Work to be completed: Which lines run from the one containing "Shaunagh Brown admitted" to the end of the entries below? Reproduce them exactly, both ends included.

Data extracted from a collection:
.....

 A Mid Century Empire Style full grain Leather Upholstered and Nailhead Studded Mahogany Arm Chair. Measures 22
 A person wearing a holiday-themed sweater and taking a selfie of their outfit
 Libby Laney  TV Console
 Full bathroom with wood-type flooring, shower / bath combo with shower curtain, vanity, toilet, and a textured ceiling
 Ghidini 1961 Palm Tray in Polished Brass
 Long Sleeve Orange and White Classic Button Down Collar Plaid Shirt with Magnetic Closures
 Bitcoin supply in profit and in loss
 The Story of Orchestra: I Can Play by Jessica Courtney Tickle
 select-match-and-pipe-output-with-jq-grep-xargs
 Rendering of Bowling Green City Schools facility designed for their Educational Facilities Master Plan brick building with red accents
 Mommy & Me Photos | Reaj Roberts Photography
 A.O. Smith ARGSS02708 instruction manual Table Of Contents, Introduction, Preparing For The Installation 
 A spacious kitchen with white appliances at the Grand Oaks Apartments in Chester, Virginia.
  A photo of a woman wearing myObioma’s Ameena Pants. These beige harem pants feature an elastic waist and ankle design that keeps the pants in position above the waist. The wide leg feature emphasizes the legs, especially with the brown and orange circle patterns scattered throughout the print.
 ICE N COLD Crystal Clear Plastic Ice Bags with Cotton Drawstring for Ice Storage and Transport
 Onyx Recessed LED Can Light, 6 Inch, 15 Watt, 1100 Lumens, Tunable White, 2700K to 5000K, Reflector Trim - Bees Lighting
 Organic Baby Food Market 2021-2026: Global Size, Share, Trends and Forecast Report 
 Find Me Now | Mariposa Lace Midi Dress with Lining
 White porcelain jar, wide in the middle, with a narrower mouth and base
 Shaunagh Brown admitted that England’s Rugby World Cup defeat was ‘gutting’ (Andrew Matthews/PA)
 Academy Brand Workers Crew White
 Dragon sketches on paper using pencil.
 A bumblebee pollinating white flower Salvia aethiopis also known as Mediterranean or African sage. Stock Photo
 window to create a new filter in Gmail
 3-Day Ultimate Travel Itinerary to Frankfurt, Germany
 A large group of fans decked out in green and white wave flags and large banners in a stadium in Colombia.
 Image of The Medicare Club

.....

The completed task:
 Shaunagh Brown admitted that England’s Rugby World Cup defeat was ‘gutting’ (Andrew Matthews/PA)
 Academy Brand Workers Crew White
 Dragon sketches on paper using pencil.
 A bumblebee pollinating white flower Salvia aethiopis also known as Mediterranean or African sage. Stock Photo
 window to create a new filter in Gmail
 3-Day Ultimate Travel Itinerary to Frankfurt, Germany
 A large group of fans decked out in green and white wave flags and large banners in a stadium in Colombia.
 Image of The Medicare Club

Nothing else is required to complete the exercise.